—Judgment unanimously affirmed. Memorandum: We reject defendant’s contention that errors in the court’s charge require reversal of defendant’s conviction of murder in the second degree. The court’s charge on reasonable doubt, as a whole, conveyed the proper standard to the jury and was not confusing. The court’s "no inference” charge was "consistent in substance with the intent of the statute” (People v Gonzalez, 72 AD2d 508; see, CPL 300.10 [2]) and did not go beyond the plain and simple language of the statute (cf., People v La Dolce, 196 AD2d 49). Defendant did not object to the court’s charge on accomplice corroboration, and therefore, that issue has not been preserved for our review (see, CPL 470.05 [2]; People v Velasquez, 76 NY2d 905, 908). In any event, in light of the overwhelming corroborative evidence of defendant’s guilt, the error, if any, is harmless (see, People v Kimbrough, 155 AD2d 935, lv denied 75 NY2d 814; People v Mayo, 136 AD2d 748, lv denied 71 NY2d 71).

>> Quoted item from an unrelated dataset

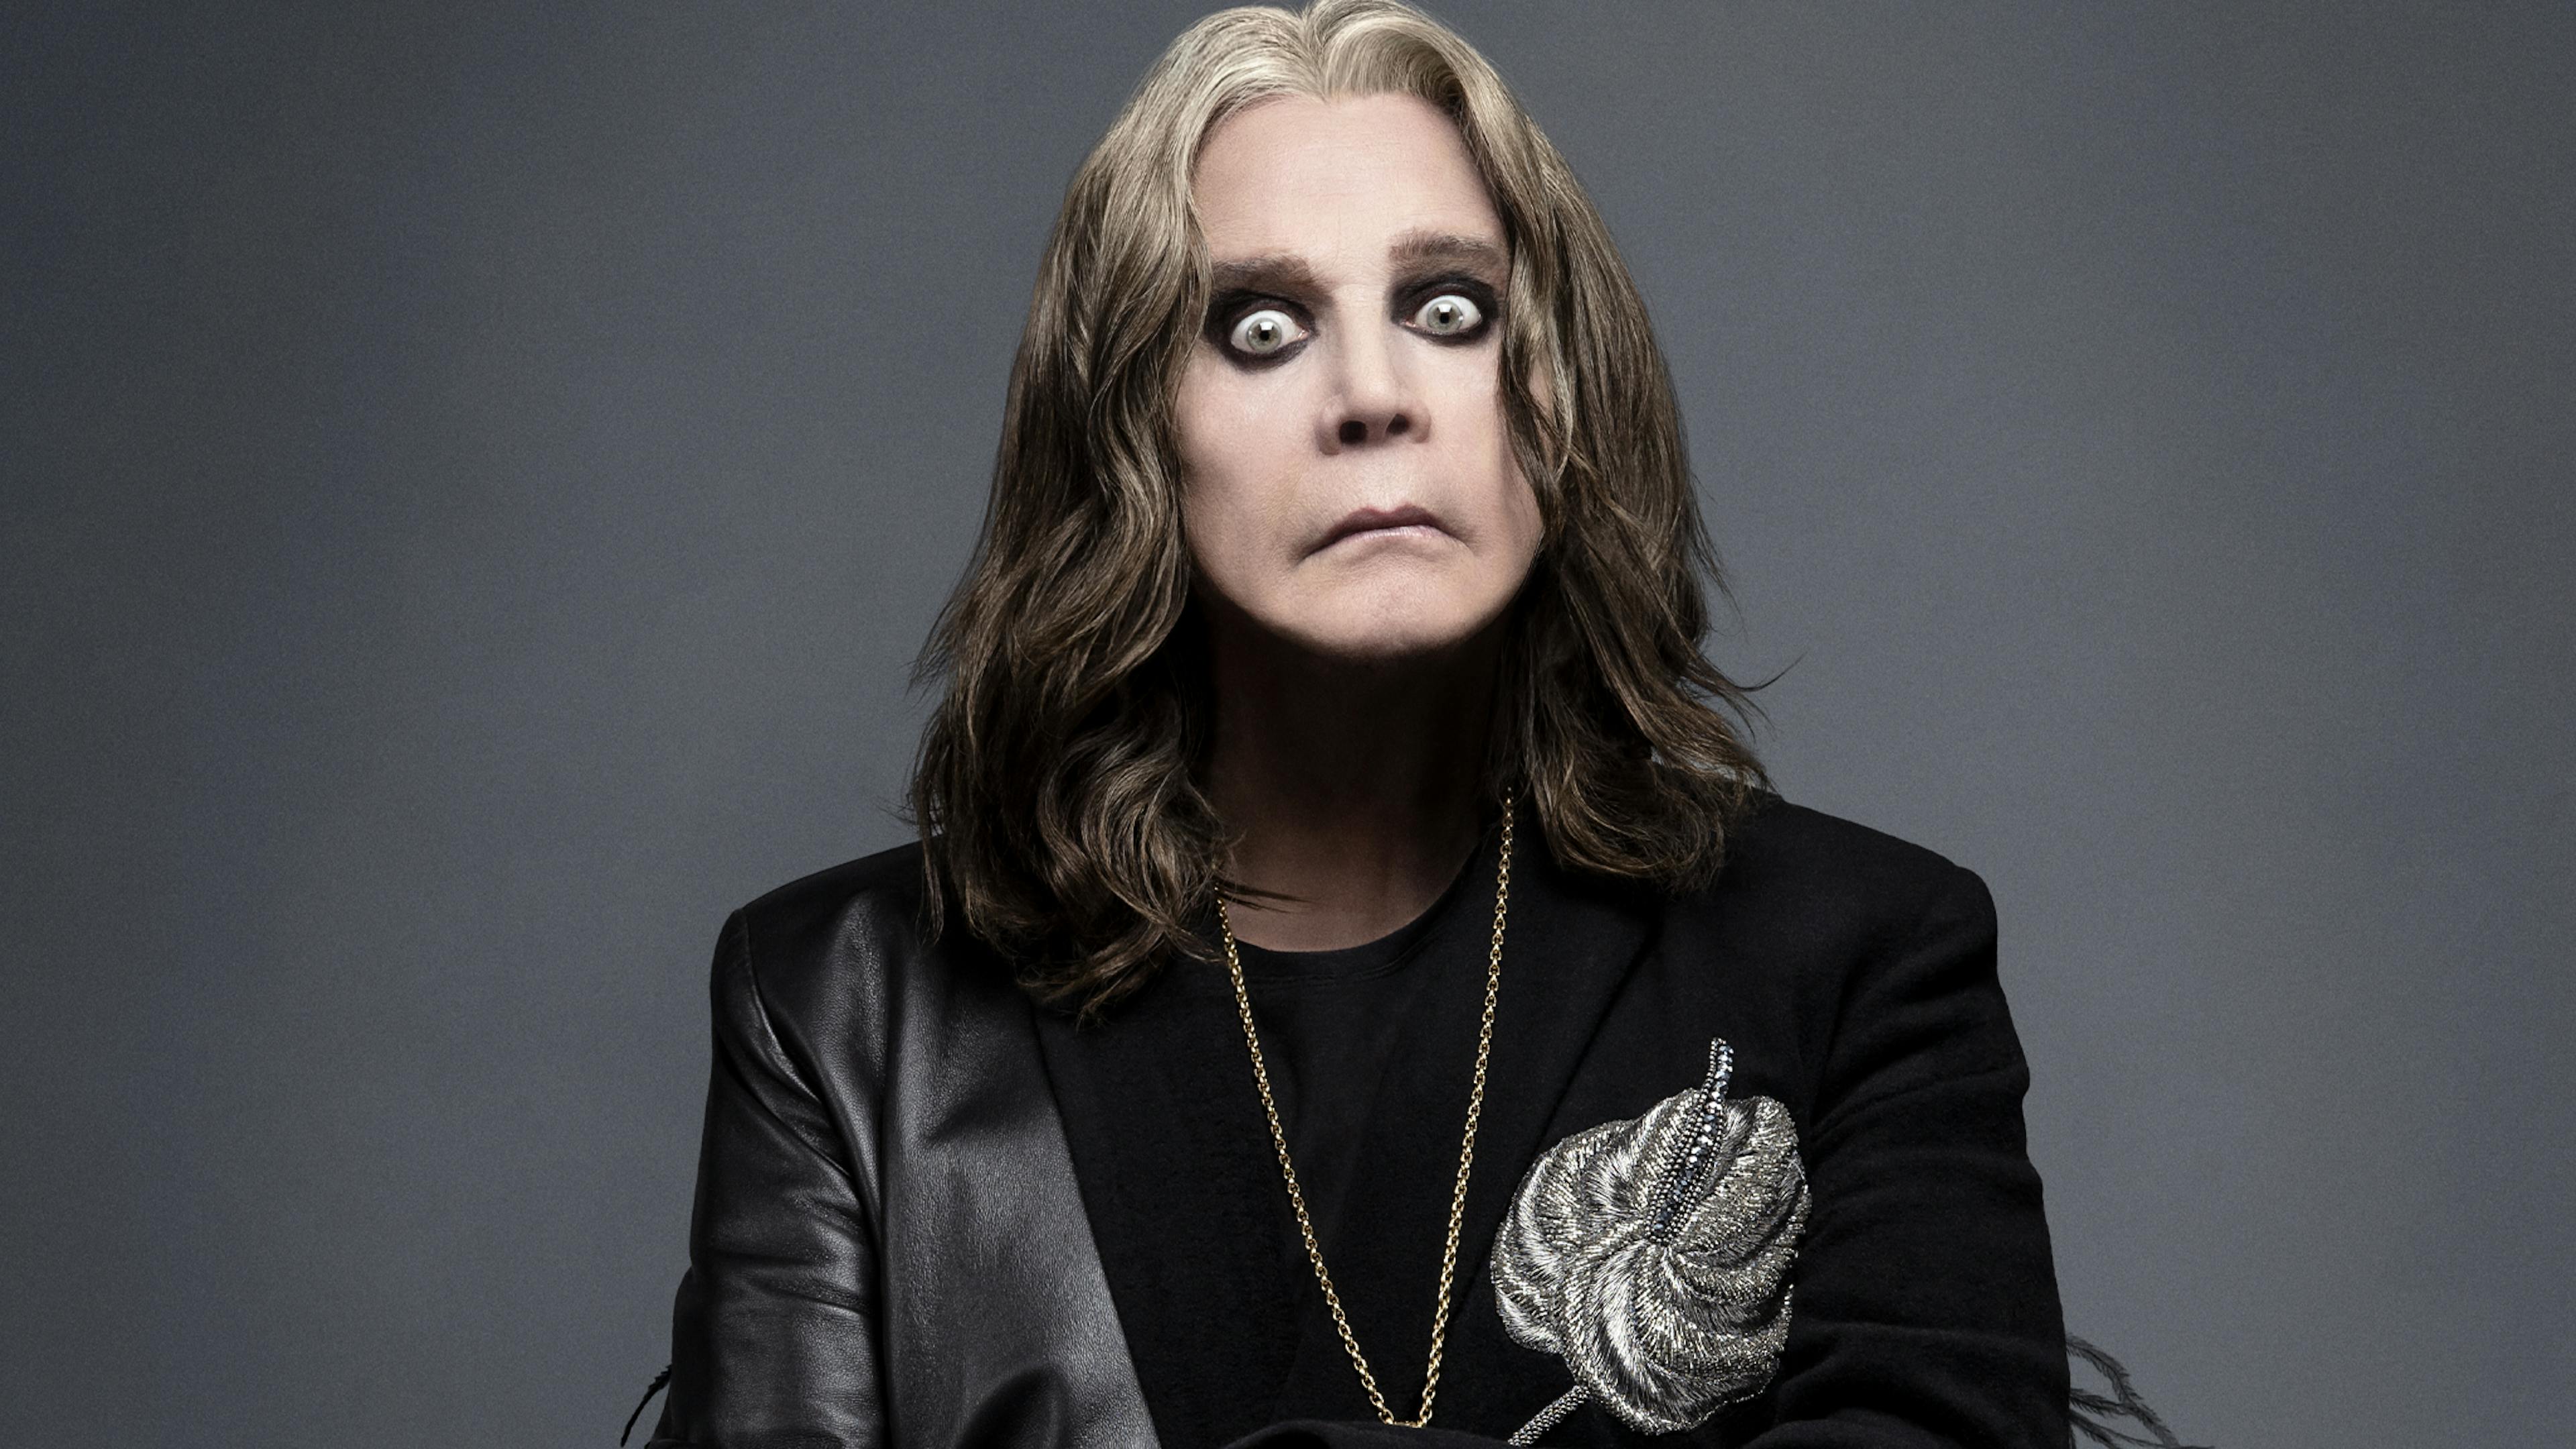 Ozzy Osbourne cancels UK and European tour: “I’m not physically capable”

We reject the contention of defendant that his right to be present at all material stages of the proceedings against him was violated when the court conducted an in-chambers conference with an FBI agent and an Assistant United States Attorney concerning a motion to quash a subpoena served by defense counsel. That conference did not involve "factual matters about which defendant might have peculiar knowledge that would be useful in advancing the defendant’s or countering the People’s position” (People v Dokes, 79 NY2d 656, 660). Similarly, defendant was not denied his fundamental right to be present at all material stages of the trial when the court questioned two sworn jurors for possible disqualification in defendant’s absence (see, People v Torres, 80 NY2d 944, 945; People v Williams, 202 AD2d 1004 [decided herewith]; People v Sanders, 199 AD2d 1011; People v Jack, 199 AD2d *1006980). Further, the contention of defendant that he is entitled to reversal or a remittal for a hearing to reconstruct the record of certain side-bar conferences conducted during the trial in his absence lacks merit because he has not alleged that his absence impacted his defense.
Finally, we conclude that the verdict is not against the weight of the evidence (see, People v Bleakley, 69 NY2d 490, 495), that the prosecutor met his obligation under Brady v Maryland (373 US 83) to disclose falsehoods in witnesses’ testimony regarding promises of leniency (see, People v Stead-man, 82 NY2d 1), and that the sentence imposed is not unduly harsh or severe. (Appeal from Judgment of Supreme Court, Erie County, Marshall, J. — Murder, 2nd Degree.) Present— Pine, J. P., Fallon, Callahan, Davis and Boehm, JJ.